Ma se il problema è stato solo di comunicazione perché pretendere la discontinuità?

“Ammetto che questa amministrazione, di cui i sono frutto e prodotto, non ha fatto ciò che la città si aspettava. Certo, le giustificazioni sono molteplici. Abbiamo governato nel periodo più difficile dal dopoguerra ad oggi. Abbiamo lavorato tanto e investito risorse, mantenendo l’assistenza sociale pari al periodo pre-crisi e investendo sulle scuole pubbliche come mai è stato fatto in passato”.

Sono le stesse critiche che la Emili e Curzi espressero all’interno della maggioranza. Eppure al momento delle epurazioni nessuno li difese.

“Nel loro caso non c’era più condivisione del percorso politico, la mia scelta di dimettermi è stata invece una decisione di principio. Allora condividevo quel percorso amministrativo e lo condivido tuttora”.

Le sue dimissioni l’hanno avvantaggiata nel distaccarsi da una giunta mai così impopolare. Apparire come il candidato non appoggiato dal sindaco non è stato poi tutto questo sacrificio.

“Sì, riconosco che distaccarmi dall’amministrazione è stato un vantaggio. Però non mi dimisi con questo scopo. Credo che chi si candida non può ricoprire un ruolo esecutivo; non può ricevere il pubblico la mattina e fare campagna elettorale la sera”.

Tornando alle future Comunali, i renziani ritengono che il prossimo candidato sindaco non possa essere un esponente dell’attuale maggioranza, come la Sorge.
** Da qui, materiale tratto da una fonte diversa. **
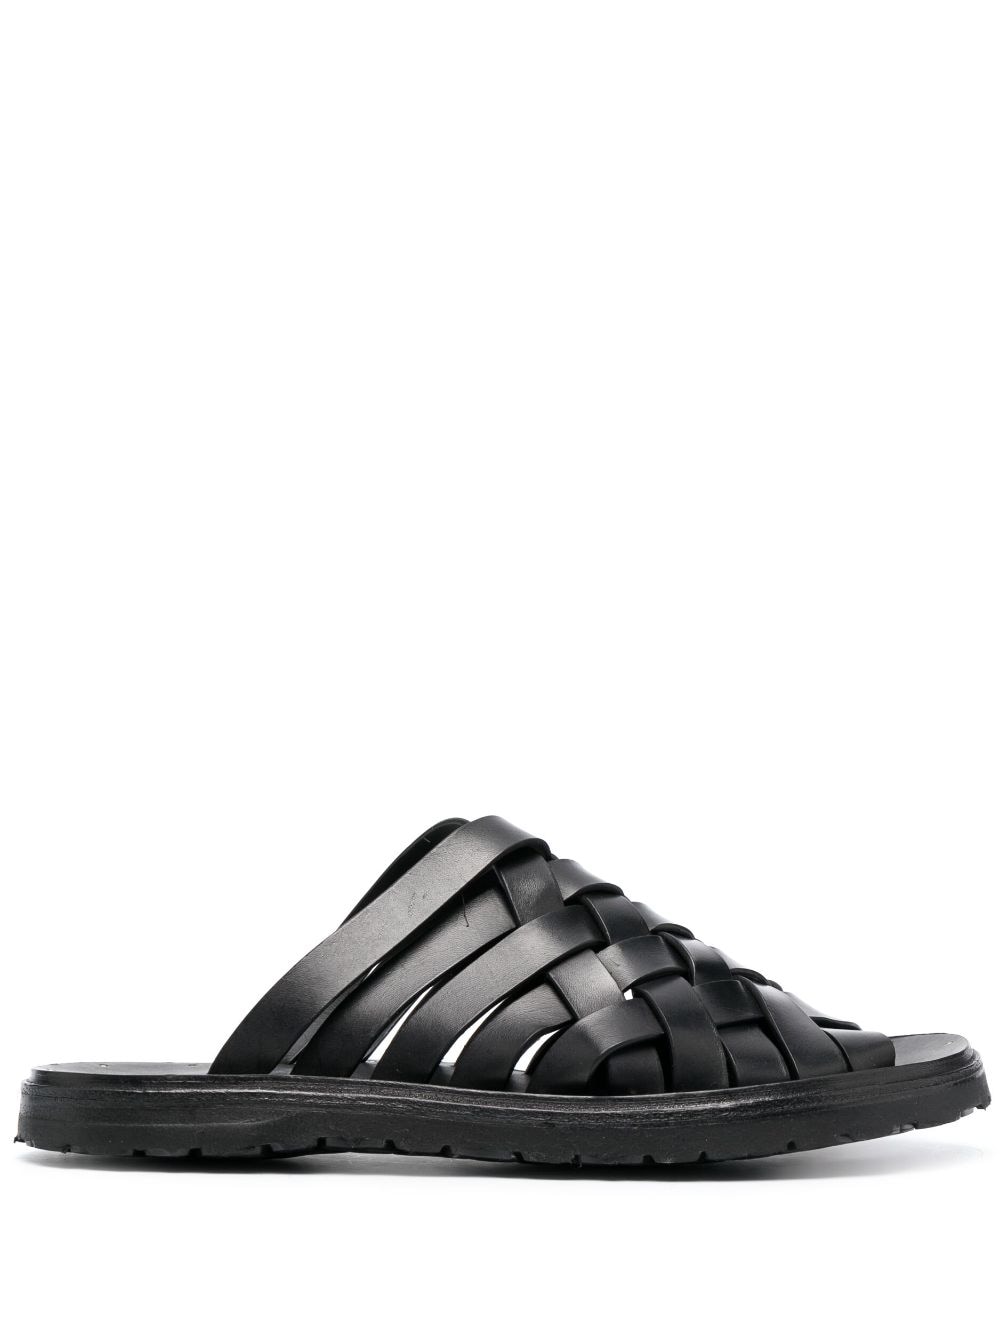 Officine Creative Chios 009 Leather Sandals In Nero

E’ d’accordo?

“Io non escludo che chi è stato in amministrazione possa incarnare quel progetto di rinnovamento che predichiamo”.

Si riparla di Paolo Perazzoli. Nel caso l’ex sindaco decidesse di ripresentarsi, sareste pronti a sostenerlo? In fondo voi eravate quelli della rottamazione.
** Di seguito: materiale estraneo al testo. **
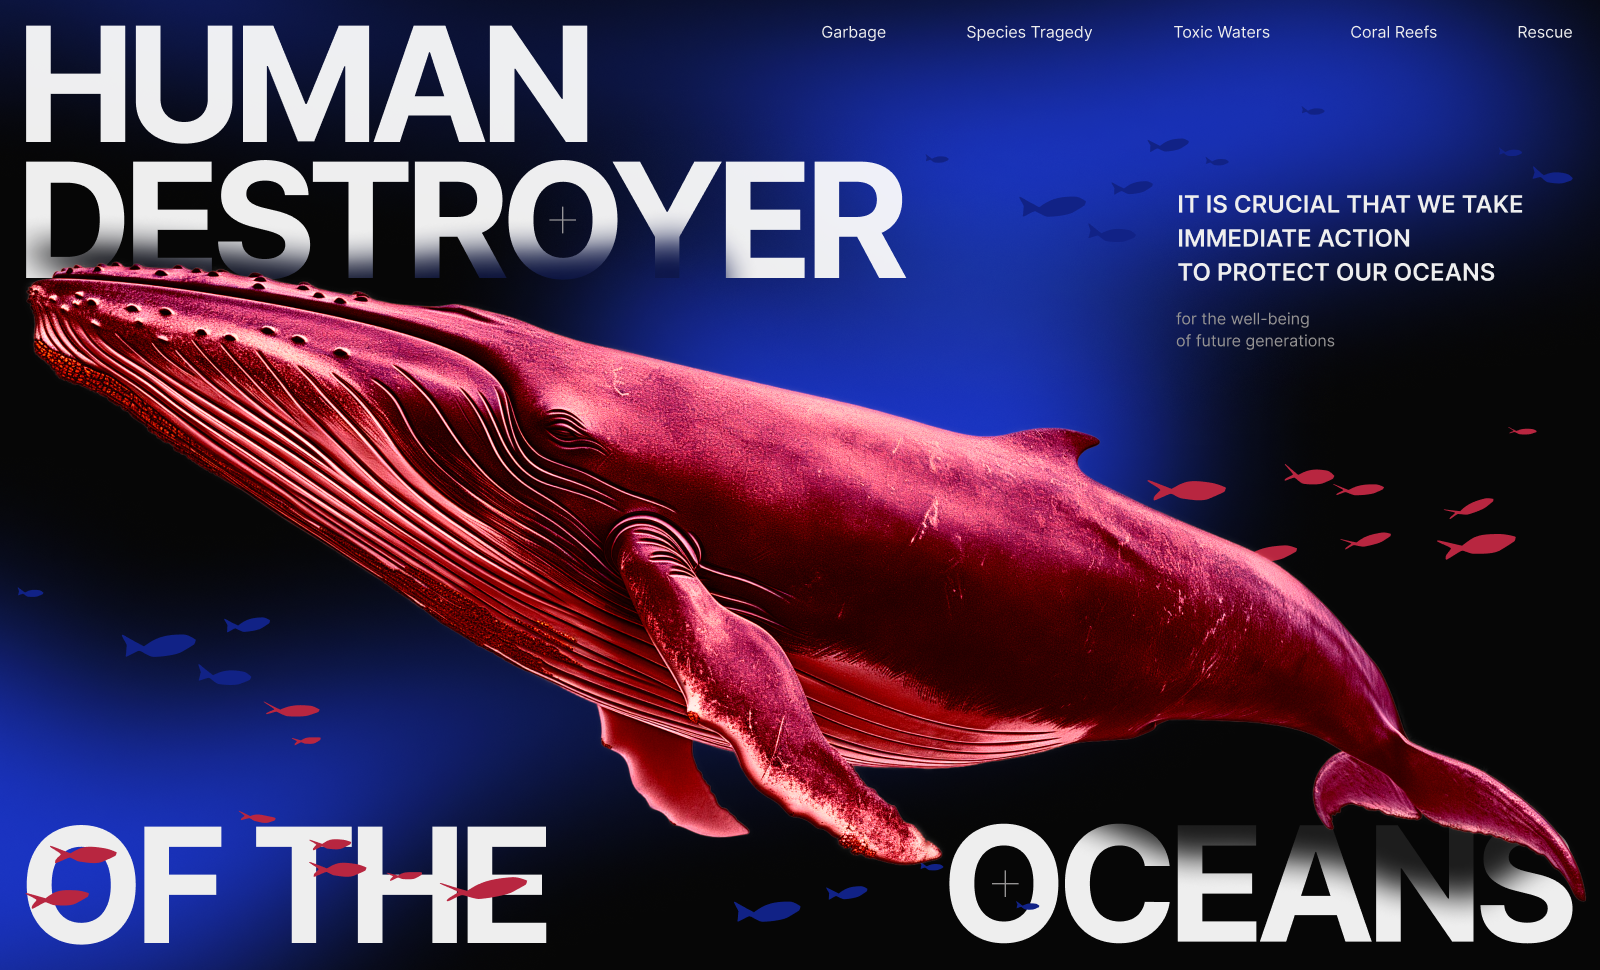 Human destroyer of the oceans

“Ribadisco: il candidato è l’ultimo dei pensieri in questo momento, occorre un progetto. Perazzoli sceglierà autonomamente, ancora nessuno si è dichiarato. In politica ci può stare tutto, ancora non mi sono posto la questione. Le porte non sono chiuse a nessuno. Magari fossimo nella fase dell’individuazione del candidato. Vorrebbe dire aver già compiuto un lungo percorso assieme”.

C’è un tema che da consigliere regionale considera prioritario?

“Gli argomenti a me cari sono tanti. Penso comunque che sia fondamentale riuscire a rendere fruibili e facilmente spendibili i fondi europei. Ad oggi sono l’unica possibilità per finanziare la pesca, l’artigianato, l’agricoltura, il turismo e la blue-economy”.

Chiudiamo con la vicenda Liberati. In una situazione dove persino il Ministero degli Esteri ha grandi difficoltà di intervento in Gambia, sarebbe ingiusto e paradossale scaricare le responsabilità su consiglieri comunali e regionali, sindaci e assessori. Perché quindi utilizzare il suo nome in campagna elettorale?

“Respingo qualsiasi accusa di strumentalizzazione. Anzi, è stato un vantaggio poter approfittare delle elezioni, abbiamo messo in luce il problema. La mia battaglia l’ho fatta sempre, in tempi non sospetti. Non mollo; in tanti stanno lavorando, ci sono punti delicati da affrontare. Le autorità del Gambia leggono la stampa italiana e locale, sono attente a quello che si dice. Bisogna stare attenti. Sono a favore degli degli appelli ma sono certo che l’Ambasciata stia lavorando sodo”.